Influence of dopants on the structure and catalytic features of the Cu/ZnO catalyst for dimethyl oxalate hydrogenation to ethylene glycol

Abstract

The Cu-M/ZnO catalysts (M = Zr4+, Al3+ and Mg2+) for dimethyl oxalate (DMO) selective hydrogenation to ethylene glycol (EG) were synthesized by the co-precipitation method. The properties of the as-synthesized catalysts were characterized by N2-physisorption, N2O-titration, XRD, H2-TPR, CO2-TPD, SEM, FT-IR and XPS. It was found that the Cu dispersion could be effectively promoted by the dopants incorporated in the Cu/ZnO catalyst. Particularly, a trace amount of Mg2+ and Al3+ dopants could significantly reinforce the chemical interaction between the Cu and ZnO phases by embedding into the ZnO lattice, while the Cu/ZrO2 interaction could be improved with the introduction of Zr4+. For DMO gas-phase hydrogenation, the EG yield of the Cu/ZnO catalyst increased from 75.0% to 85.0% and 90.0% in the presence of Zr4+ and Al3+ dopants, respectively.
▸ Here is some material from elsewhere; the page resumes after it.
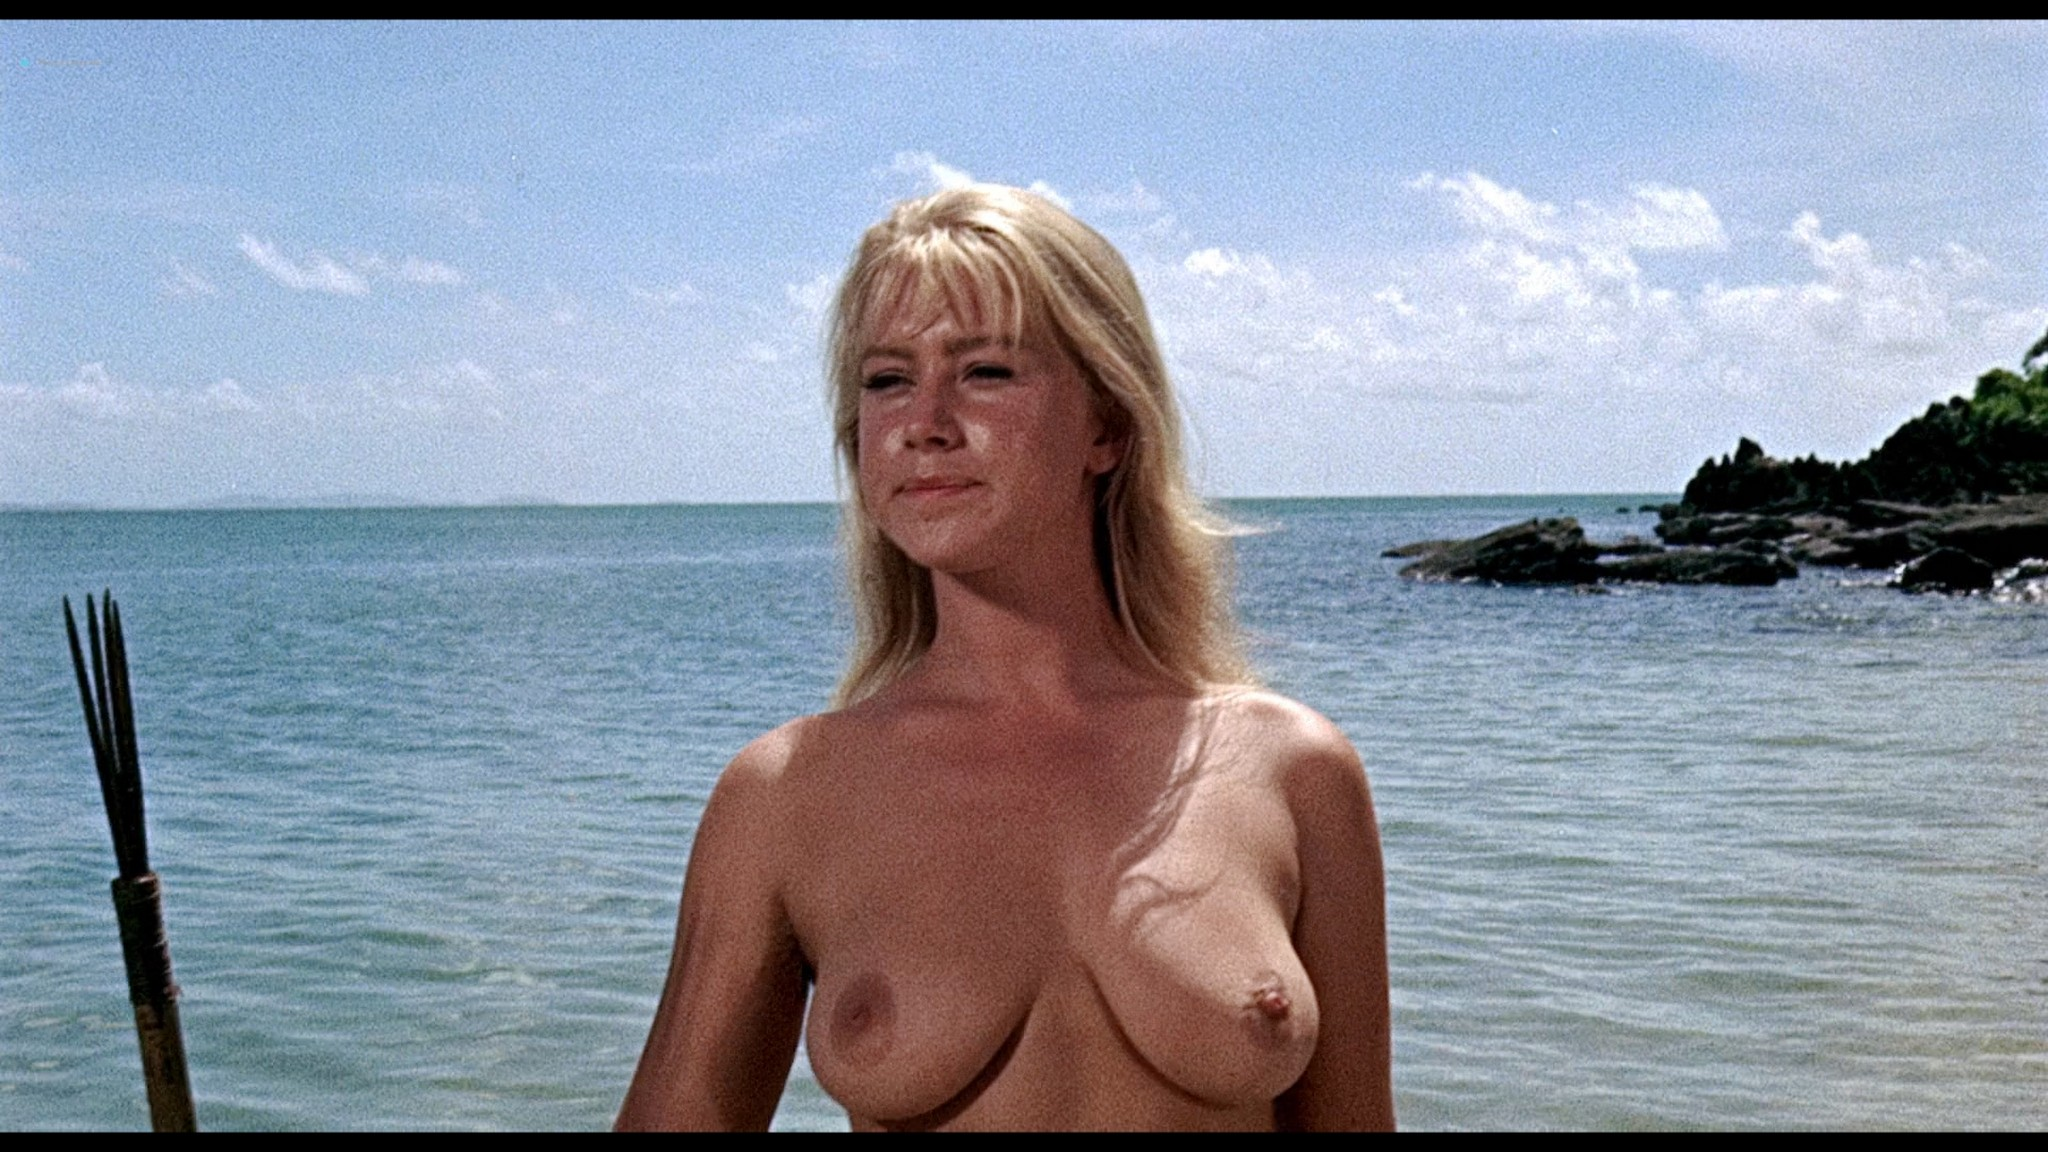 Helen Mirren nude skinny dipping Clarissa Kaye-Mason nude sex - Age of Consent (1969) HD 1080p BluRay Remux (4)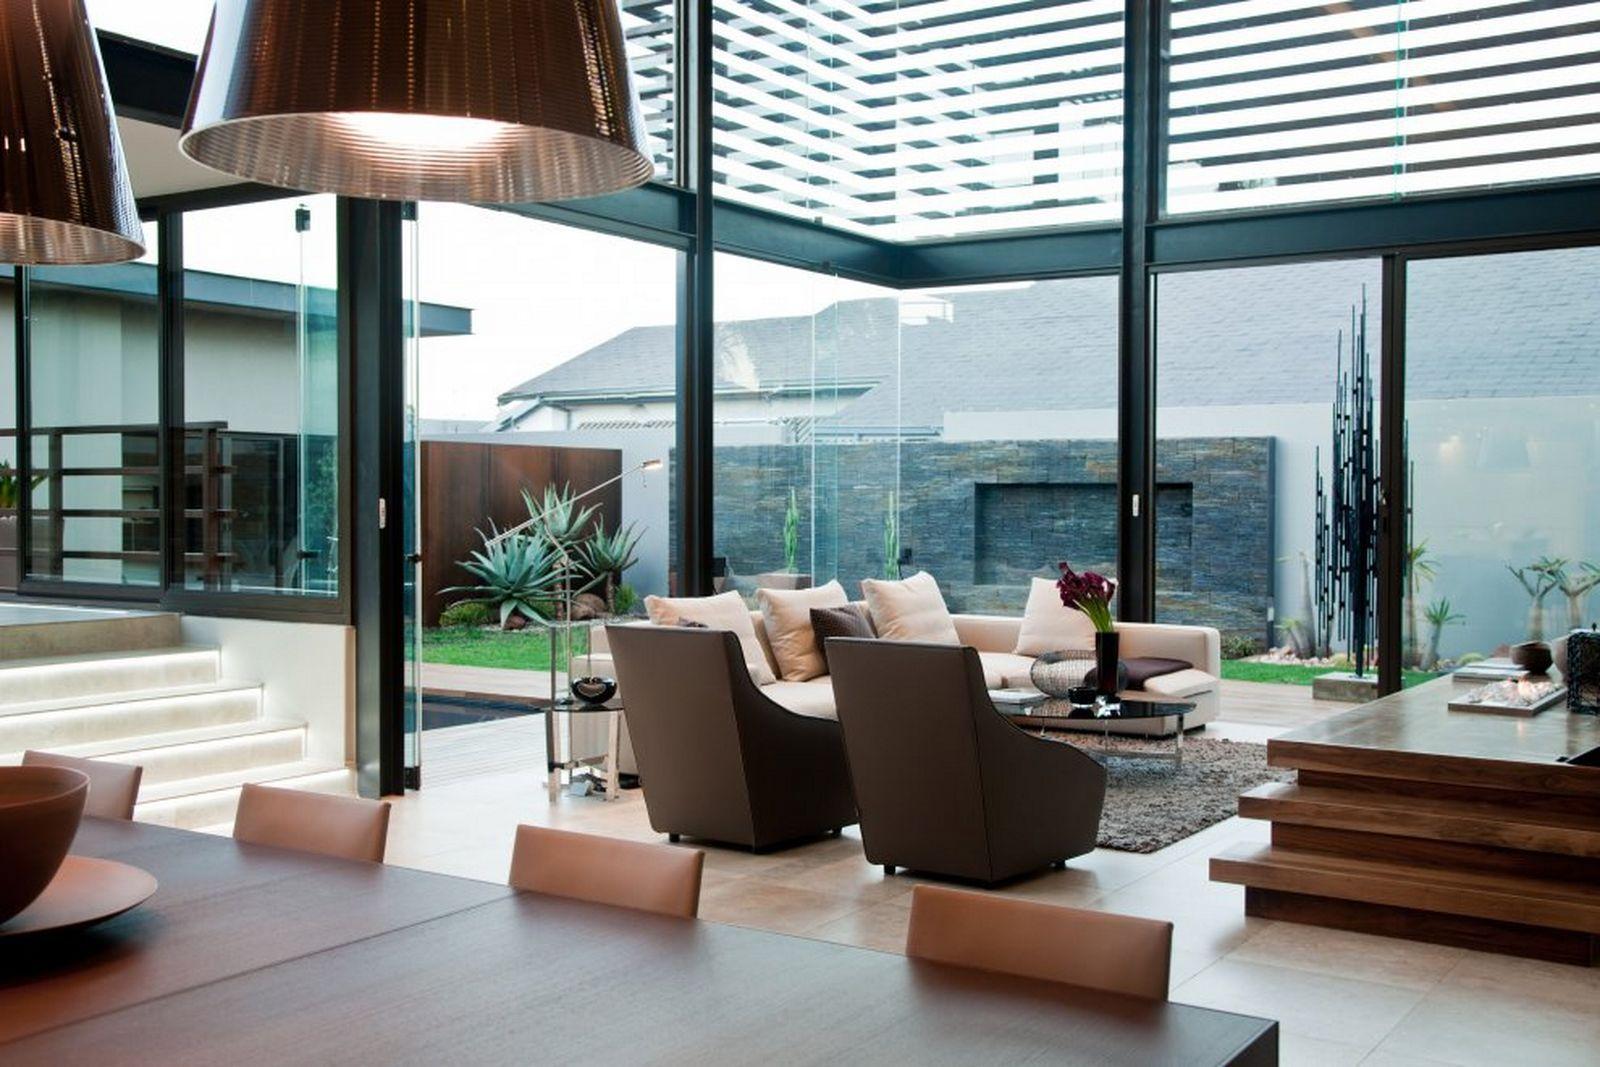 garden design winners darwin - Google Search | Home and interior ...

Particularly, the EG selectivity of Cu-Mg/ZnO catalyst reached up to 95.0% with DMO completely converted for more than 100 h. The correlation between the catalytic behavior and physicochemical features of the Cu/ZnO based catalysts suggested that the surface Cu+ sites was vital for the catalytic behavior with adequate Cu0 sites. Additionally, the strengthened Cu/oxide interaction favored the outstanding stability of the Cu-Zr/ZnO and Cu-Mg/ZnO catalyst for DMO hydrogenation.